Пьеру хотелось отрицательно покачать головой, поскольку он с трудом представлял себе о каком таком статусе вёл речь его начальник, и как этот самый «статус» мог помочь ему в регионе, длительное время раздираемом индийско-пакистанской междоусобицей. Однако, всякий раз, когда его начальник начинал говорить тоном, подобным тому, которым он говорил теперь, Пьер предпочитал воздерживаться от споров, по крайней мере, до тех пор, пока руководитель не заканчивал излагать свою мысль.

«– Мне кажется, – позволил себе, наконец, заговорить Пьер – что в нашей организации я всегда был среди тех немногих сотрудников, кандидатуры которых неизменно стояли в последних рядах, при выборе кандидата на заграничную командировку»

– Вздор! – фыркнул руководитель, раздувая пухлые, обвисшие щёки, уподобляясь при этом кузнечным мехам – Все учатся, набираются опыта.
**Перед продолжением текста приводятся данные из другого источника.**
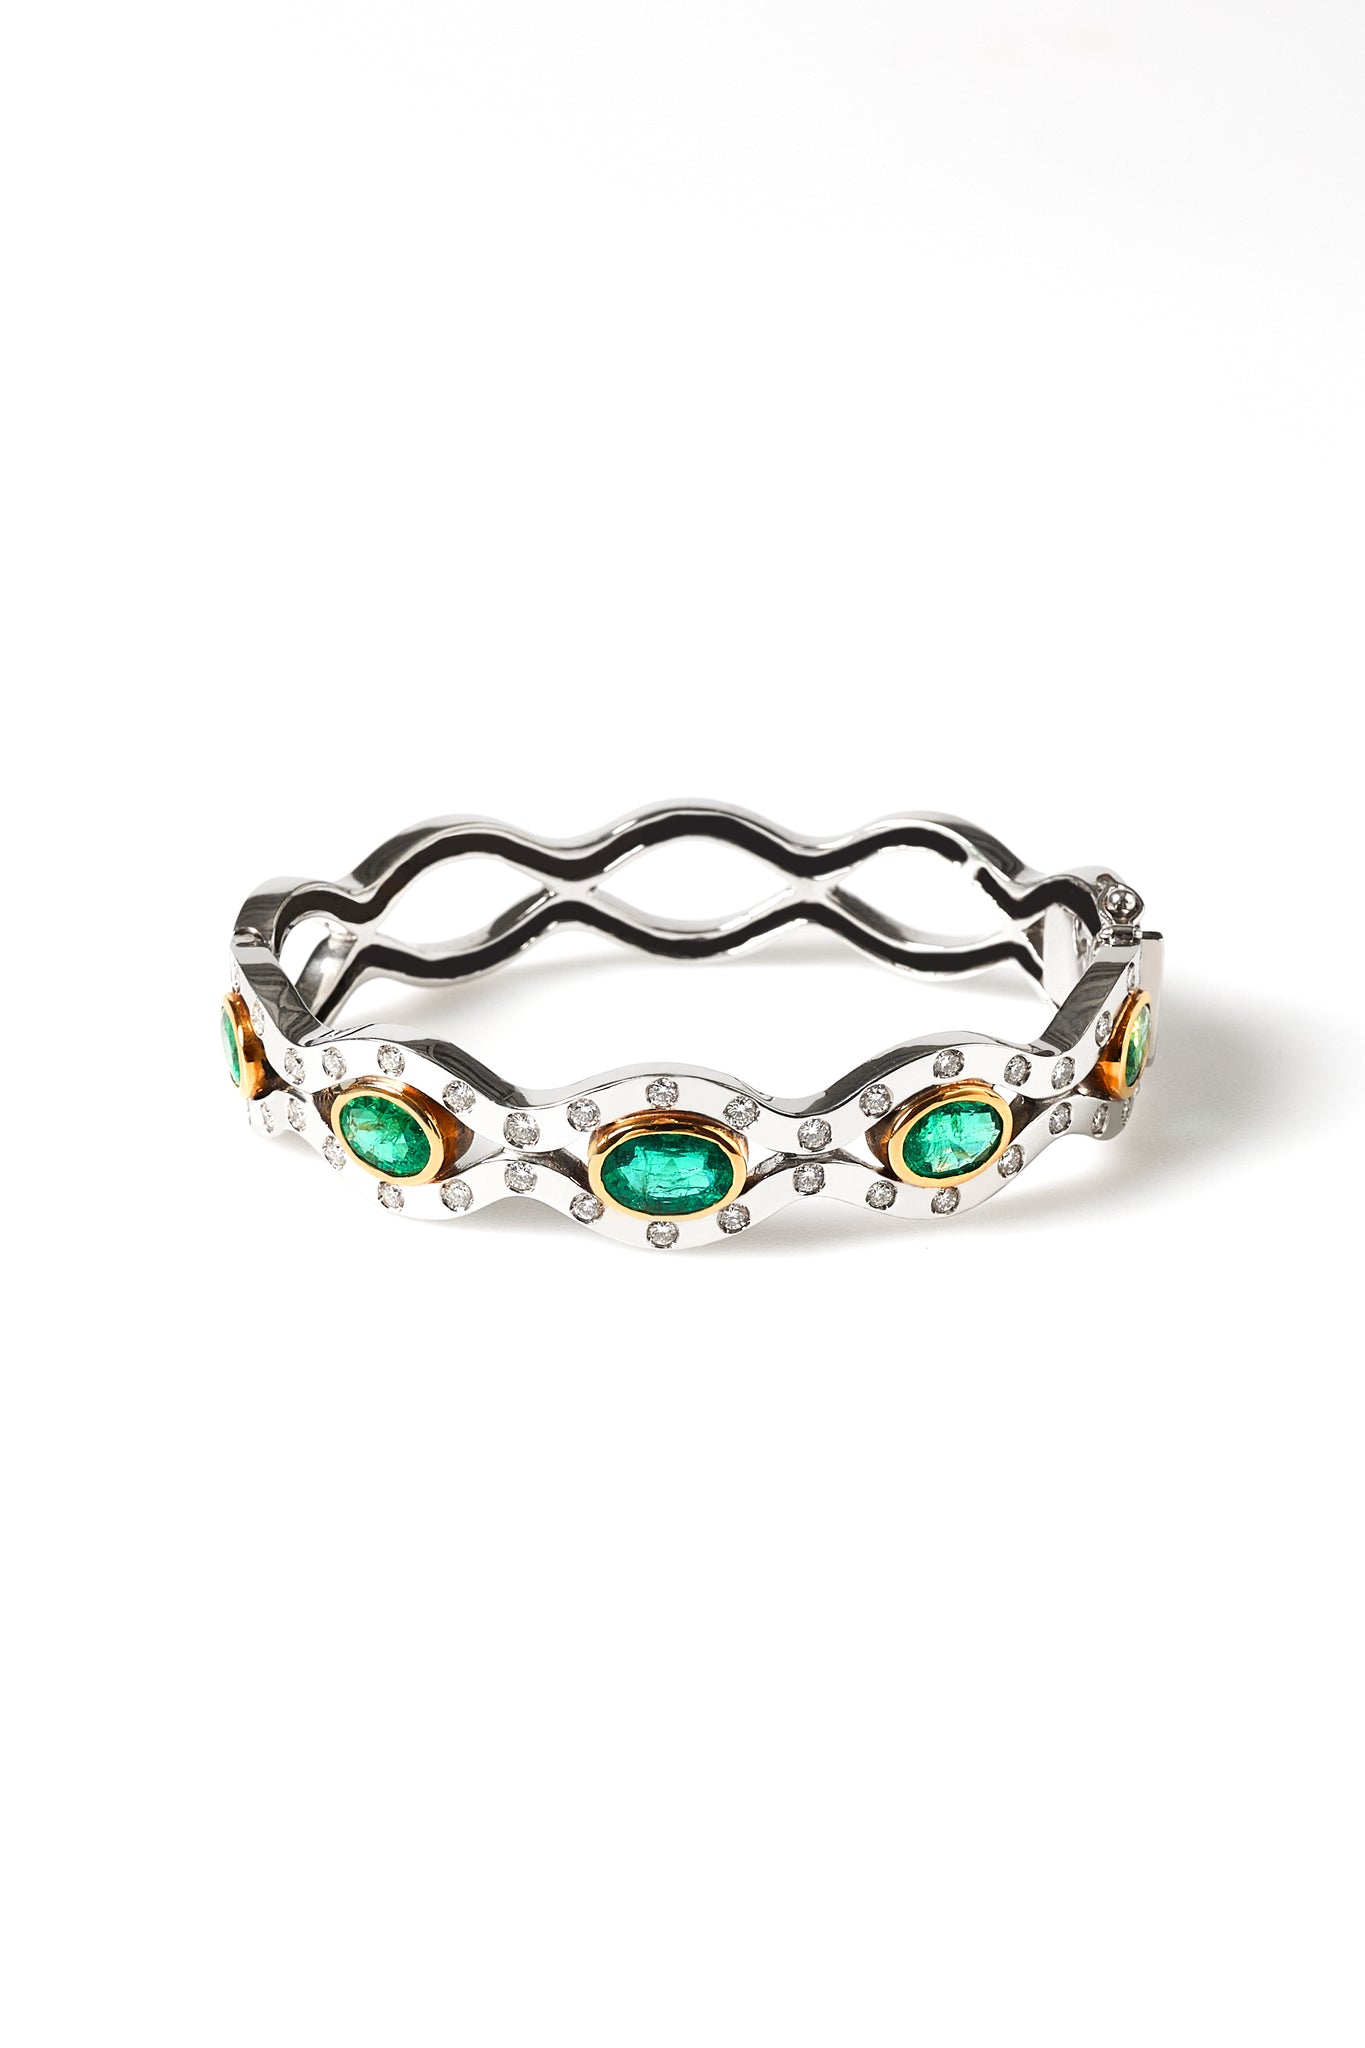 Renaissance Emerald bracelet

Кому-то нужно больше времени, кому-то меньше. Ты созрел, Пьер, этот твой шанс!»

– Но ведь уже новый год наступает, – робко заметил Пьер, переводя взгляд от лица руководителя на настенный календарь, висевший на одной из стен кабинета – Праздничные дни и…

– Вздор! – снова, но уже более громким голосом, проговорил руководитель – Новогодние выходные дни предназначены, по сути, для людей семейных. А у тебя, как мы все знаем, нет «ни котёнка ни ребёнка» и тебе сам бог велел отправиться в это путешествие!

По правде говоря, руководитель был не далёк от истины, подчёркивая одинокий образ жизни Пьера, который мужчина вёл уже чуть больше года, после расставания с девушкой, с которой до этого он прожил почти-что три года. Но вот чего, по-видимому, не принимал в расчёт руководитель, так это мнение Пьера и то обстоятельство, что он уже несколько последних недель встречался с одной особой, в которой души не чаял, и которой уже успел пообещать превосходные праздничные выходные.

«– Послушай, Пьер, дружище! – руководитель опёрся кулаками о стол и серьёзно поглядел на подчинённого – Я прекрасно понимаю, что это «гром среди ясного неба», но и ты пойми меня правильно, кроме тебя, я никого не могу туда отправить, у нас две трети сотрудников – женщины, а мужчины все семейные и с детьми.

Пьер некоторое время смотрел на руководителя, внимая его доводам, которые, чем дольше над ними приходилось задумываться, всё более бессмысленными становились.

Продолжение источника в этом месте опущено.